TASK DETAILS:
All of the data is to be written out again exactly, without the pictures.

COLLECTED MATERIAL:
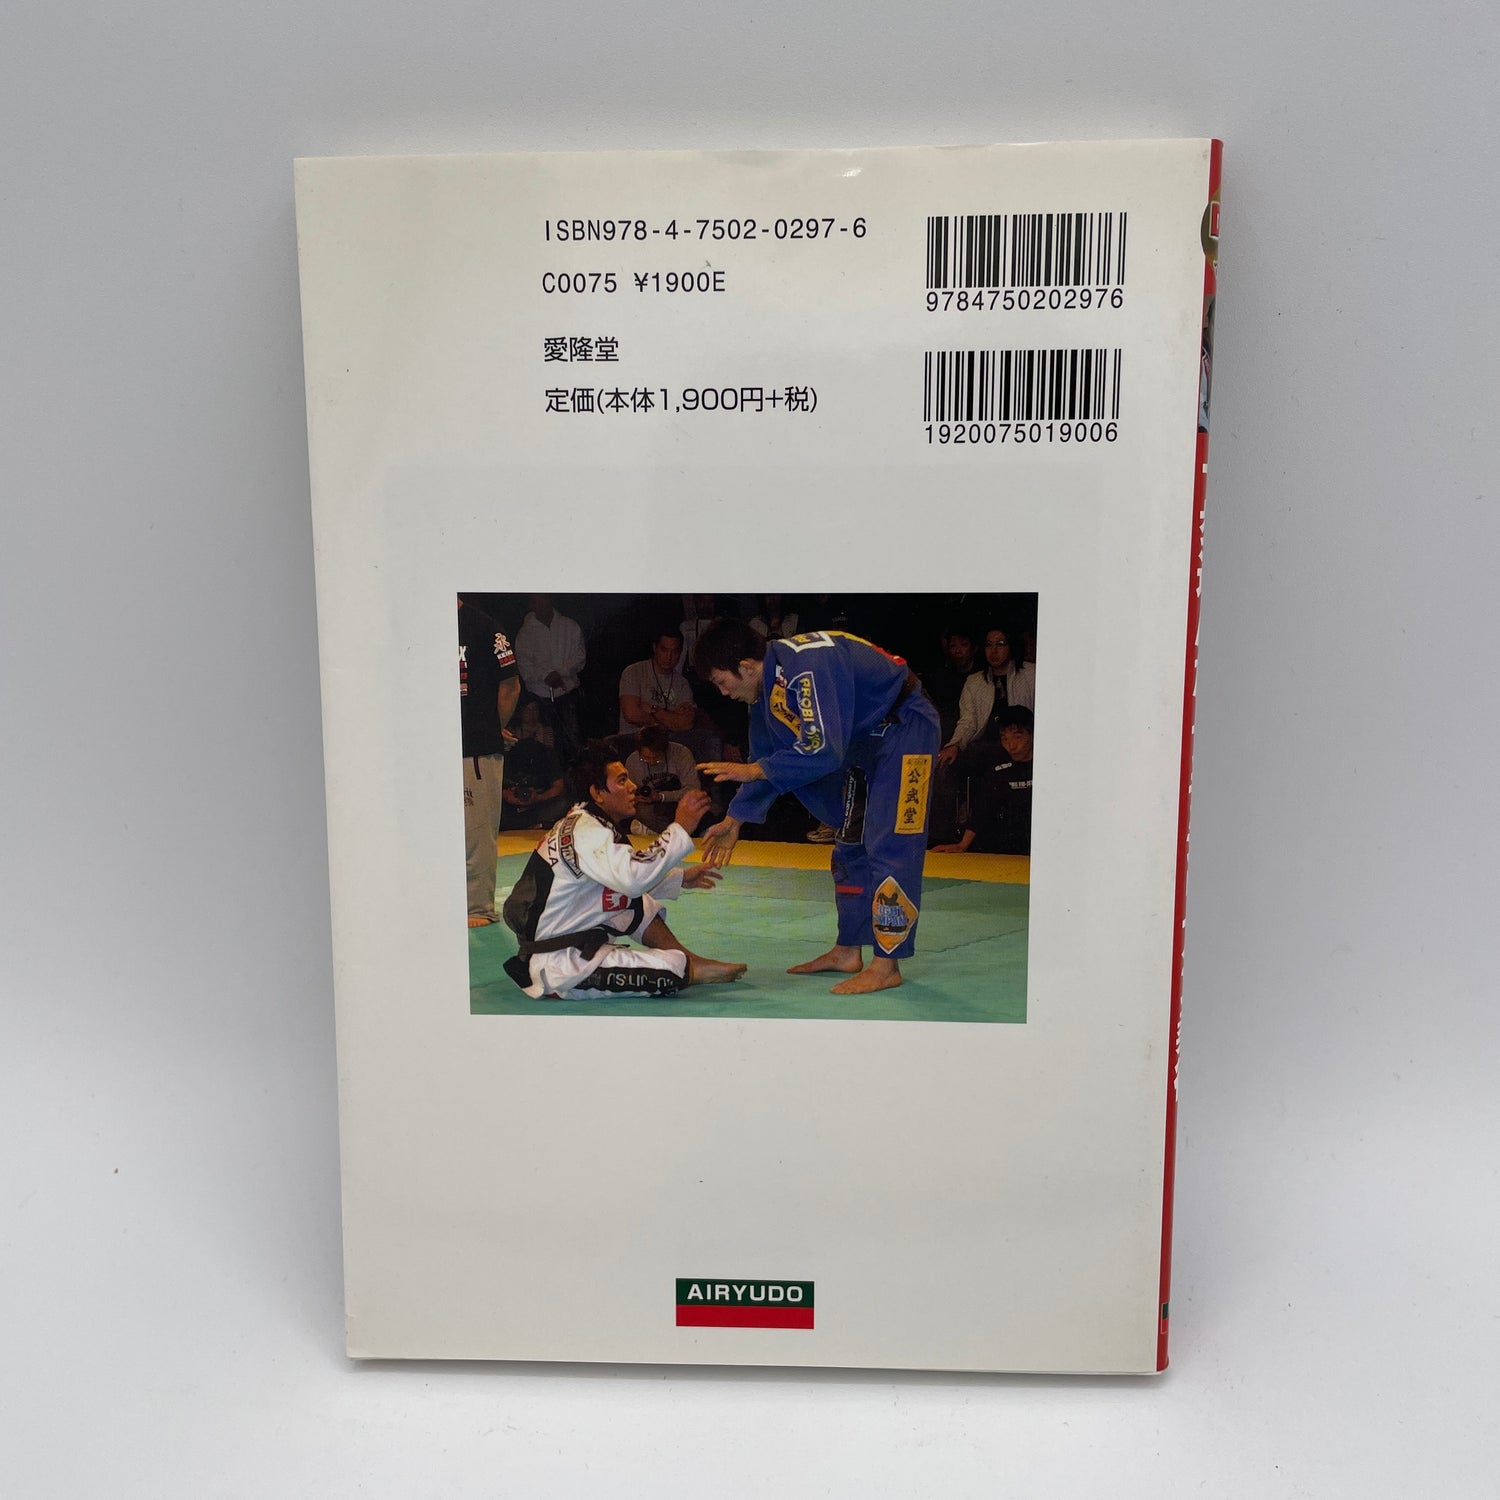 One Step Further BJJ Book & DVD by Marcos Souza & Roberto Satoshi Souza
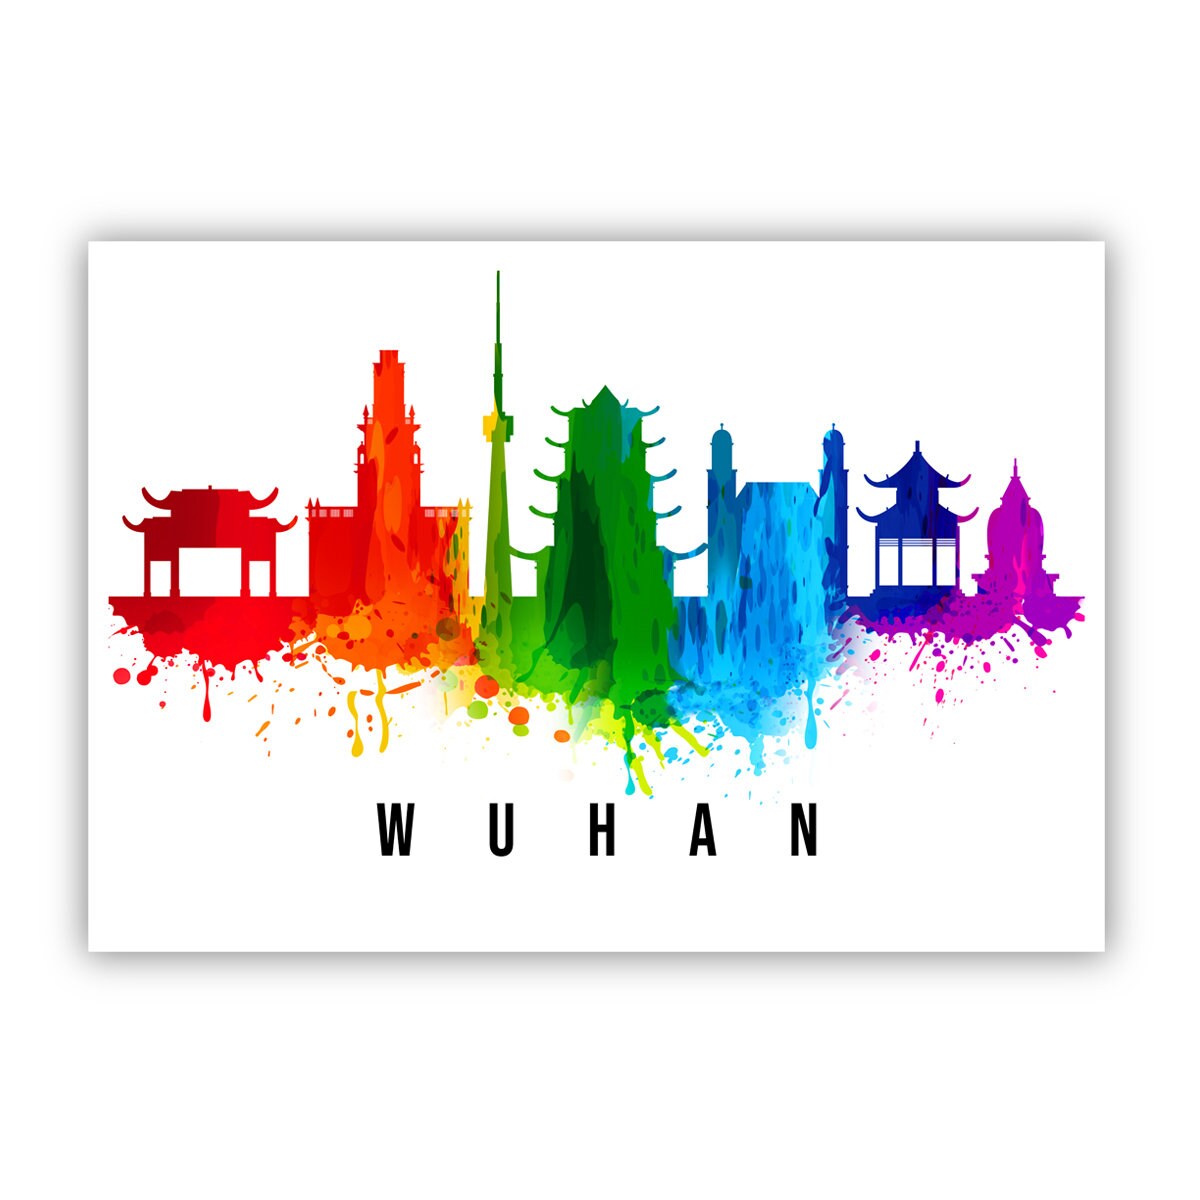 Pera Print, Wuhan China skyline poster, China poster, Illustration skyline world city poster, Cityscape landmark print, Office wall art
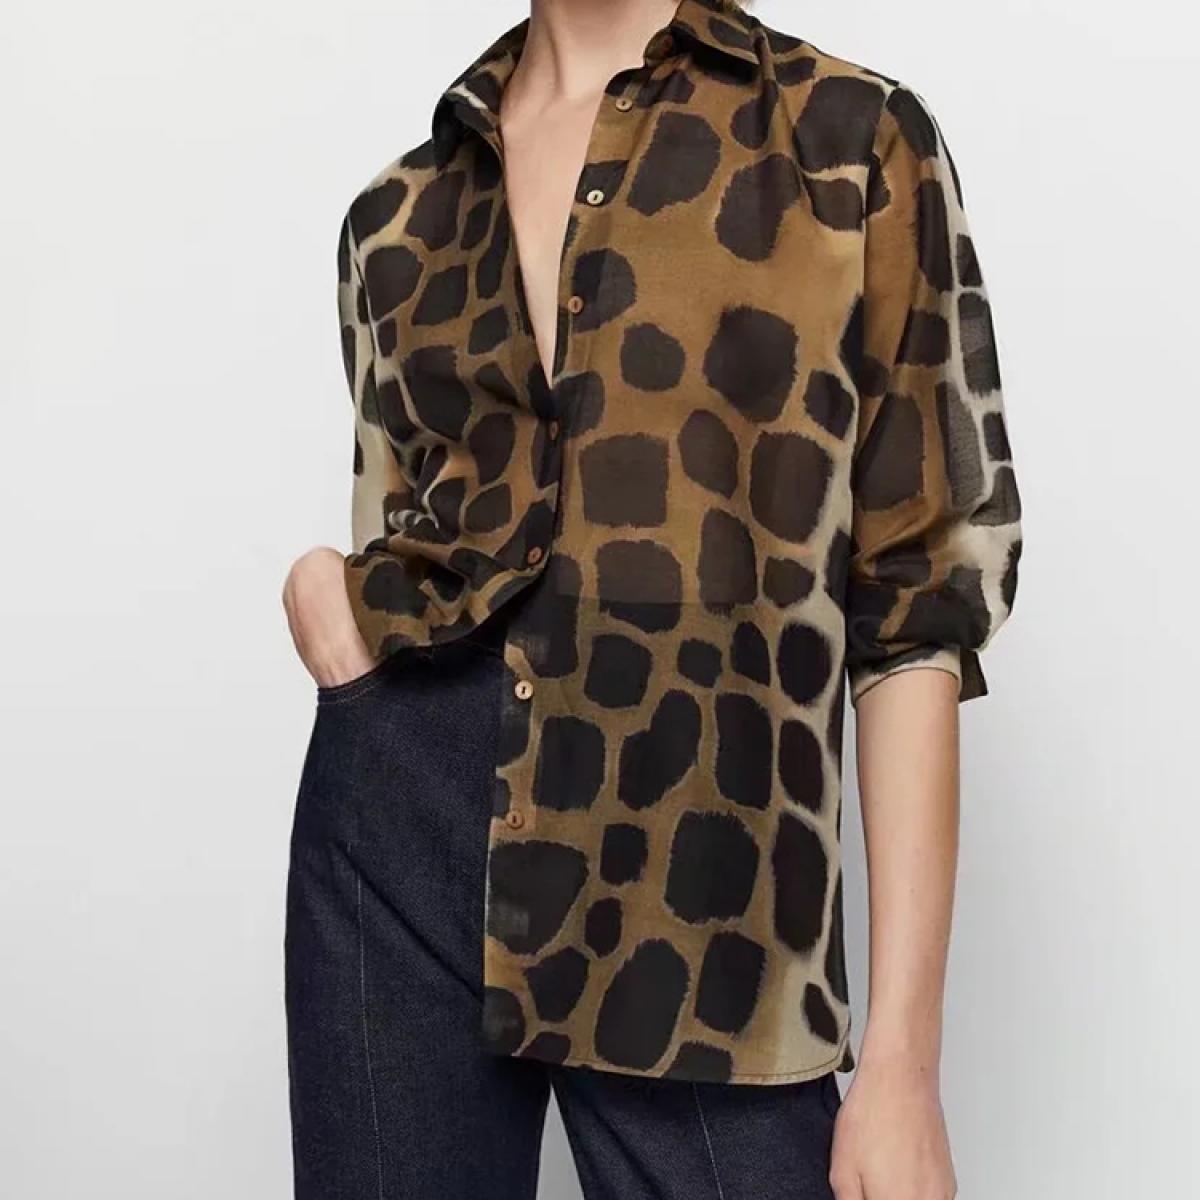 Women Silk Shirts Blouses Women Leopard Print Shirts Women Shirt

TASK SOLUTION:
 One Step Further BJJ Book & DVD by Marcos Souza & Roberto Satoshi Souza
 Pera Print, Wuhan China skyline poster, China poster, Illustration skyline world city poster, Cityscape landmark print, Office wall art
 Women Silk Shirts Blouses Women Leopard Print Shirts Women Shirt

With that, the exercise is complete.